### Your goal:
Each line from the one containing "Un paquet de" to the end of the material below is to be restated exactly, with pictures skipped.

### Given material:
◆ ◆ ◆

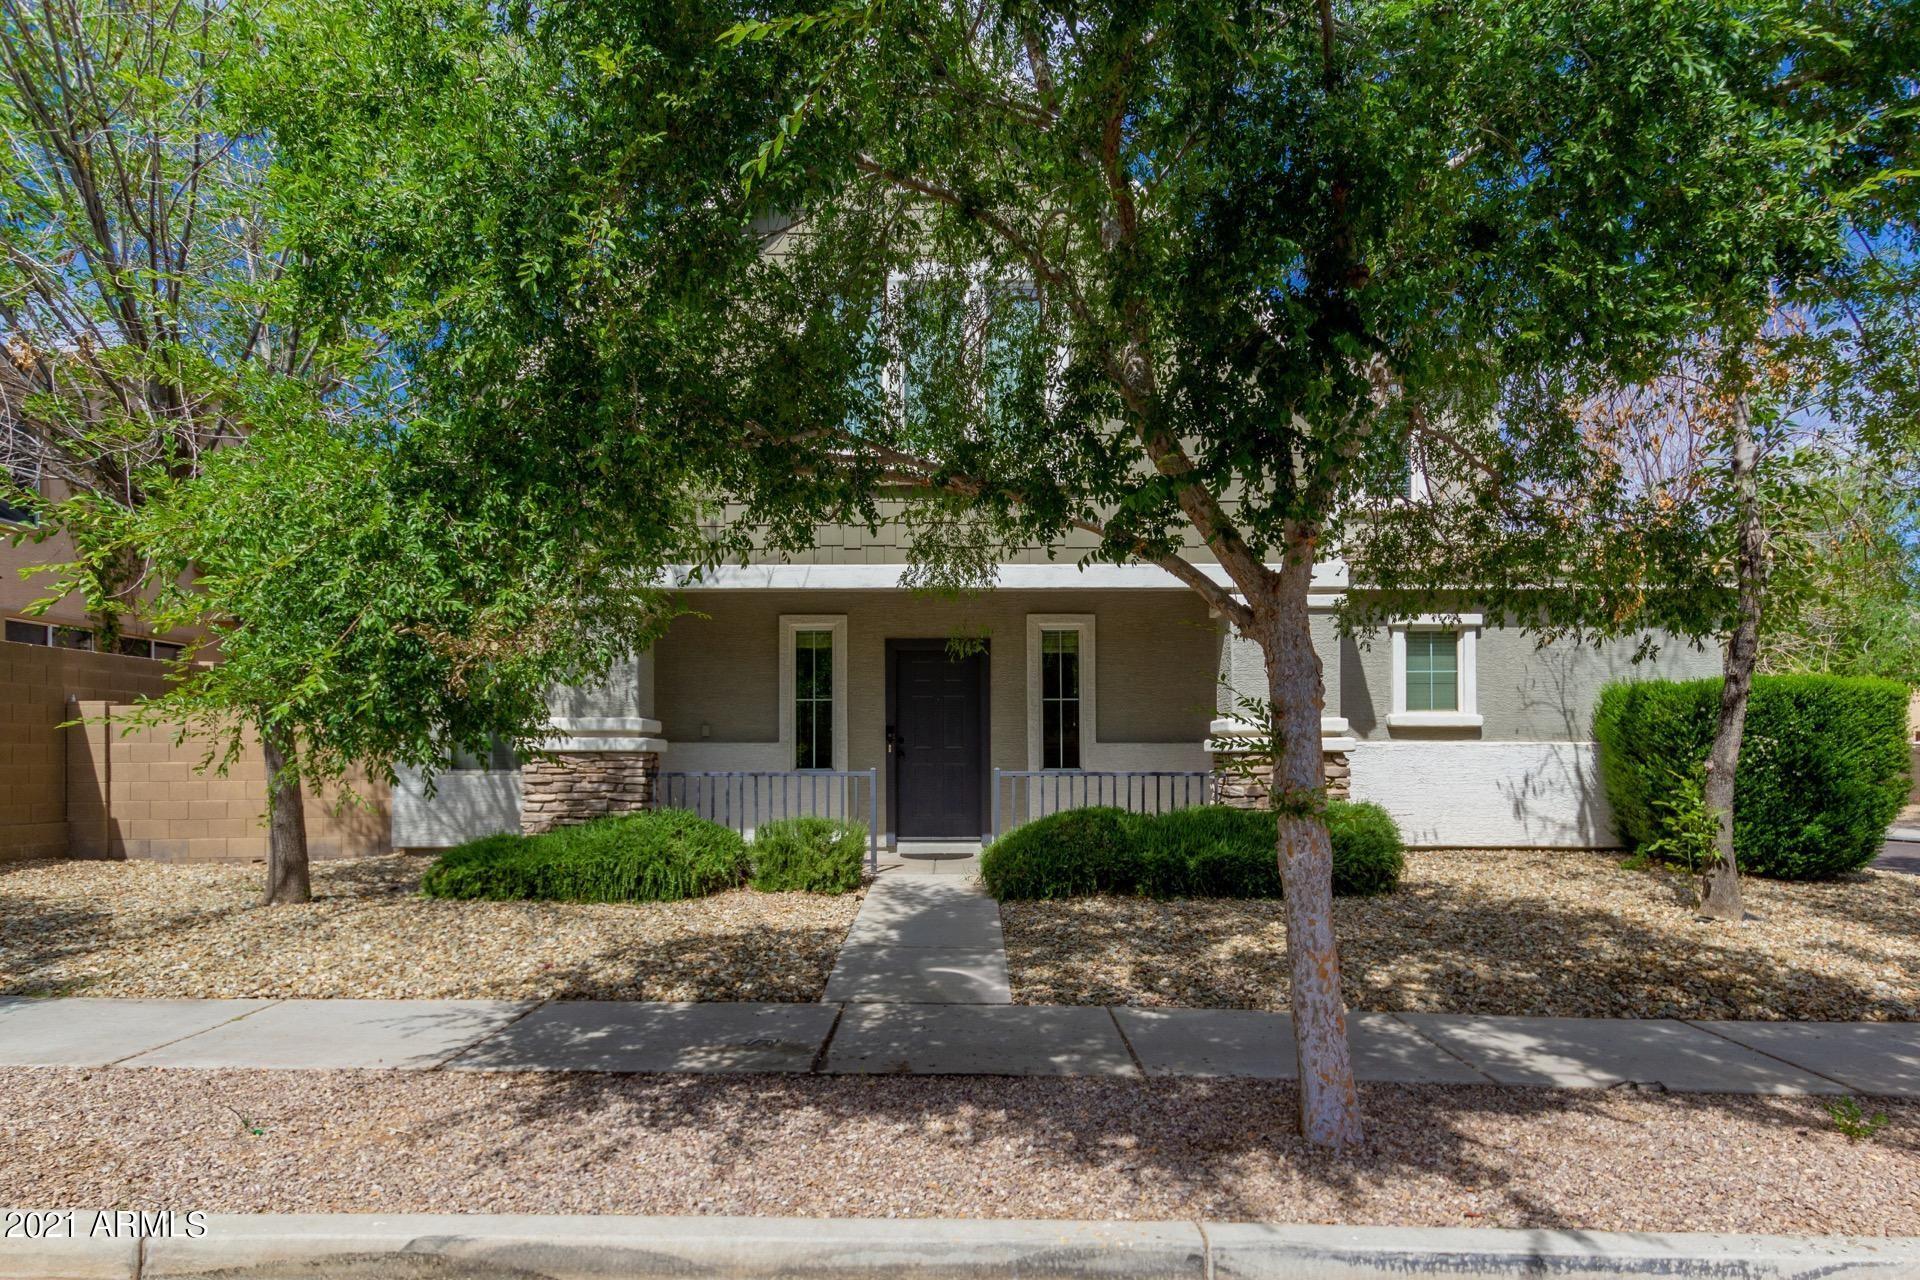 4201 W MALDONADO Road, Phoenix, AZ 85041 - MLS#: 6228255
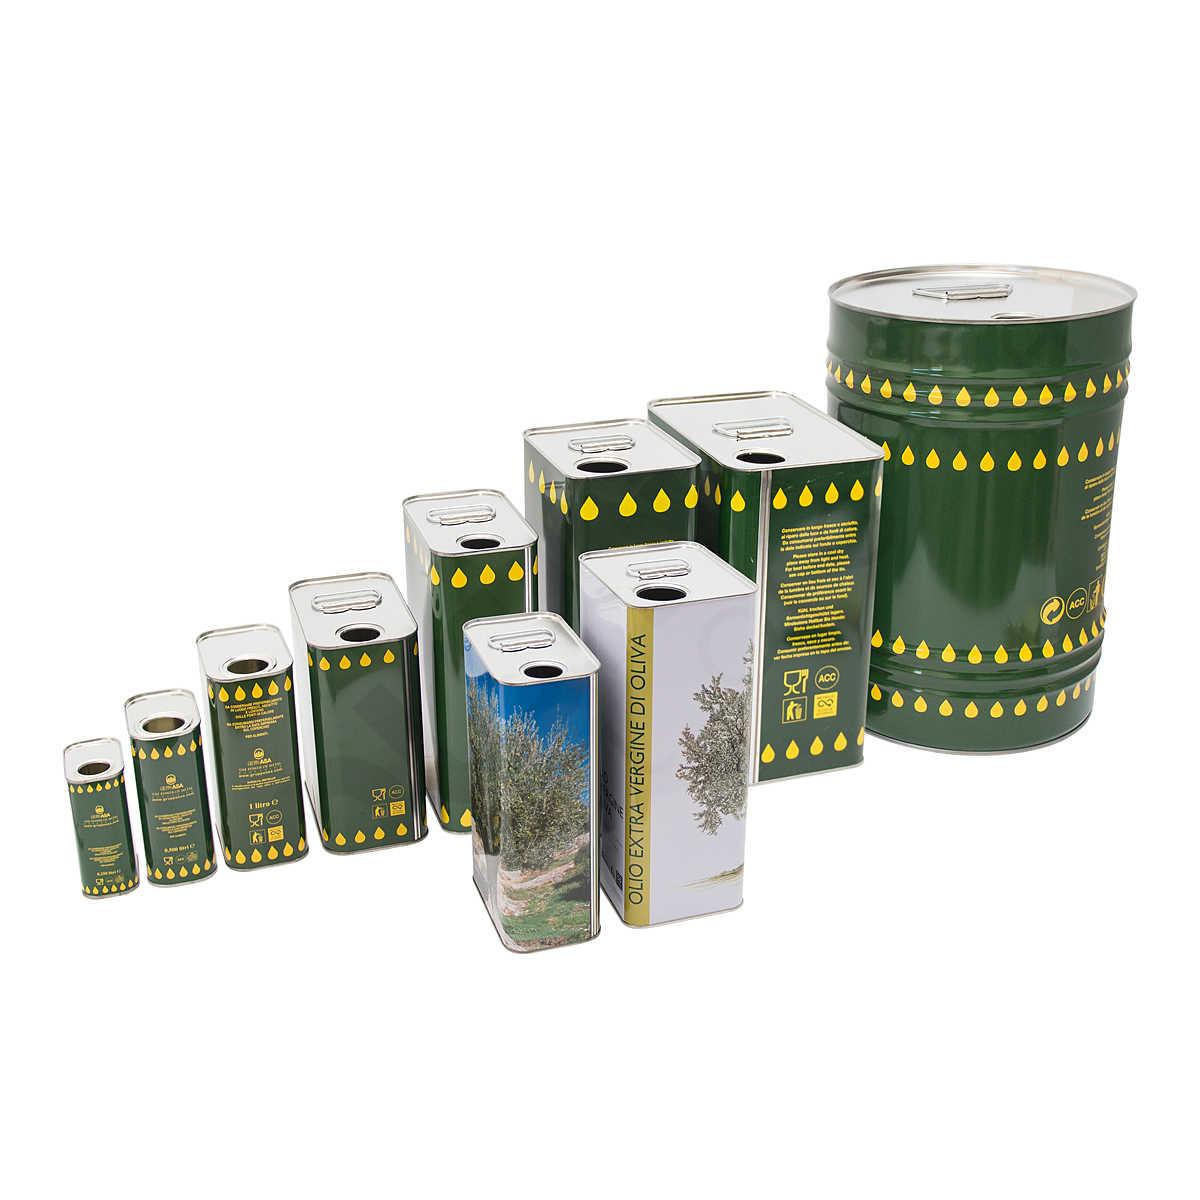 fabbrica codice promozionale scegli originale Lattina per olio 5 L (12 pz)
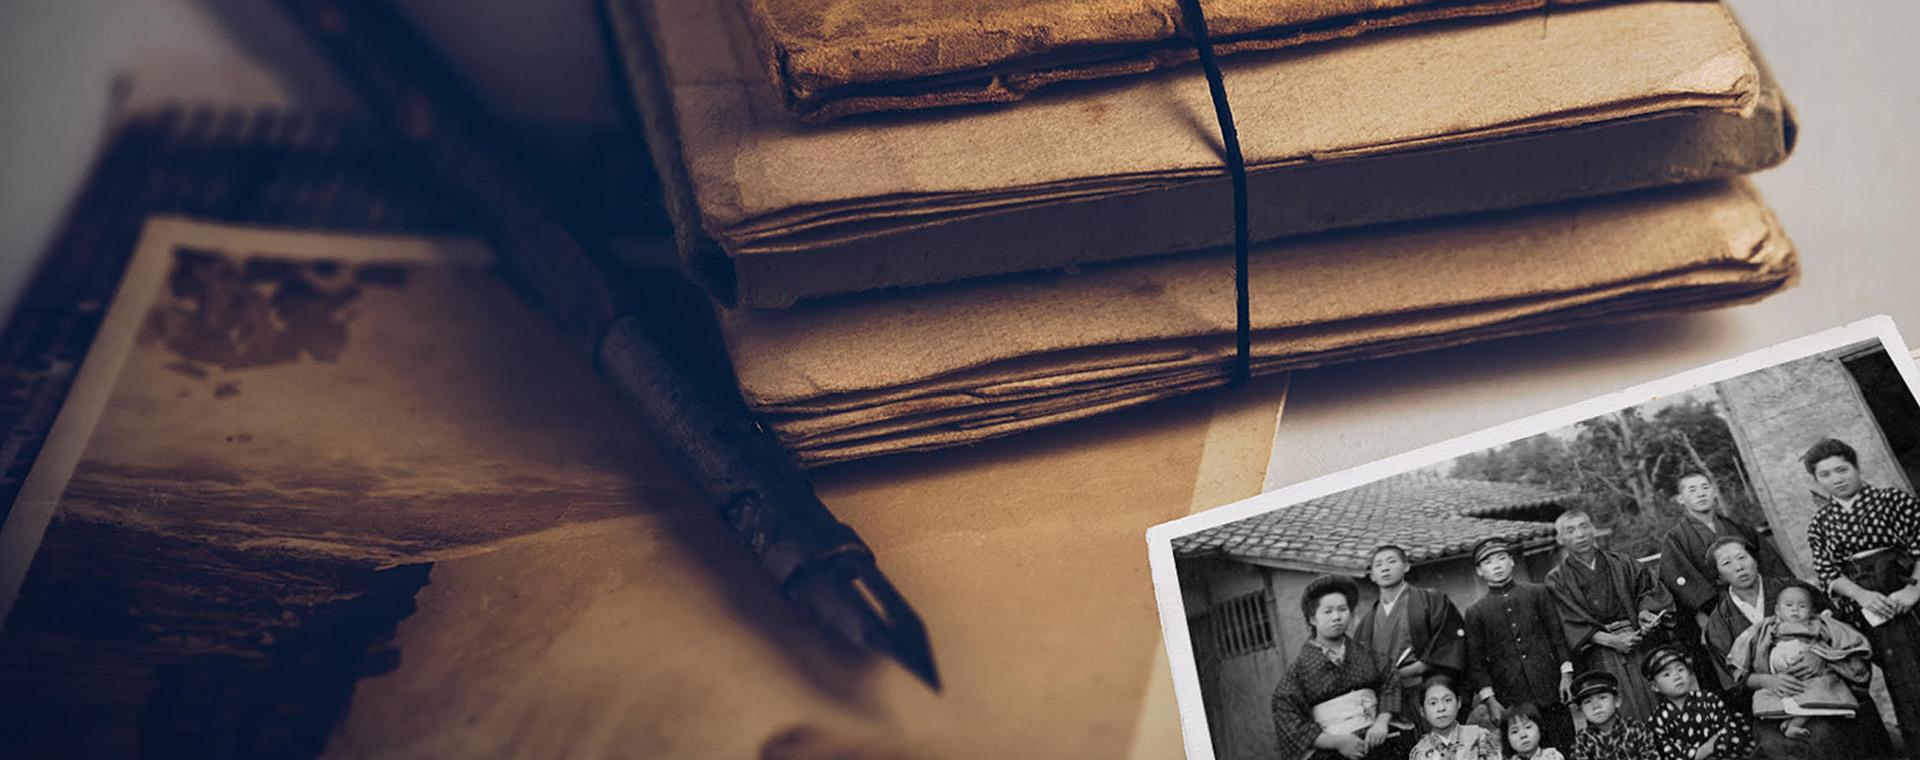 Un paquet de documents aux tons sépia sur un bureau avec un album aux tons sépia et une photo en noir et blanc de personnes
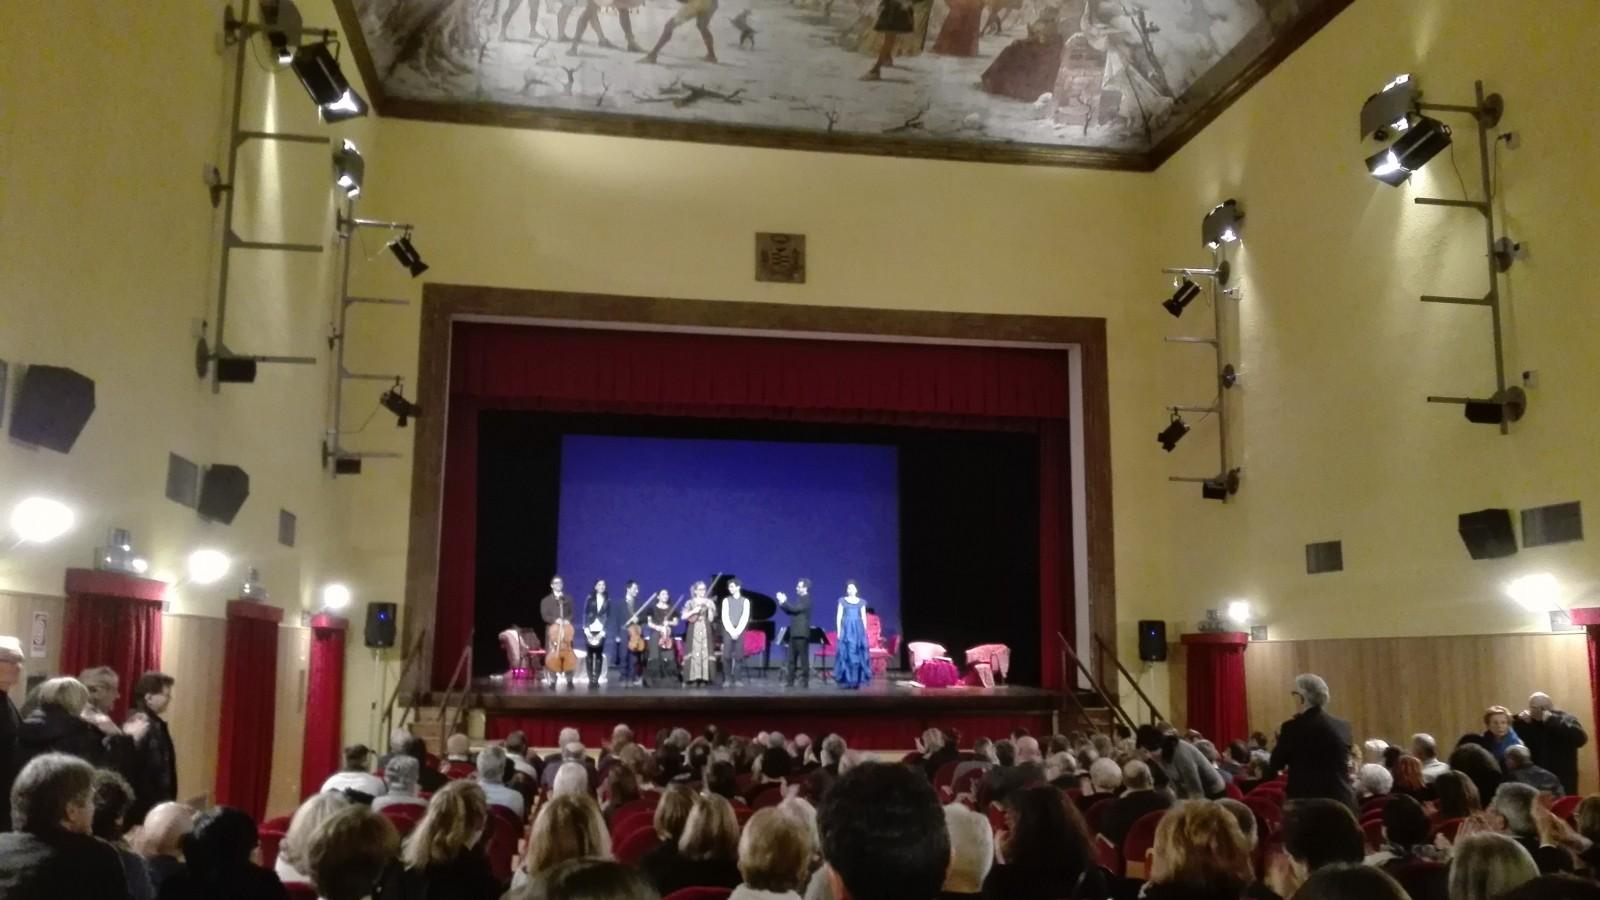 Salotto Di Romantica.Il Salotto Romantico Del Teatro Lirico Di Magenta Sempione

◆ ◆ ◆

### Result for this task:
 Un paquet de documents aux tons sépia sur un bureau avec un album aux tons sépia et une photo en noir et blanc de personnes
 Salotto Di Romantica.Il Salotto Romantico Del Teatro Lirico Di Magenta Sempione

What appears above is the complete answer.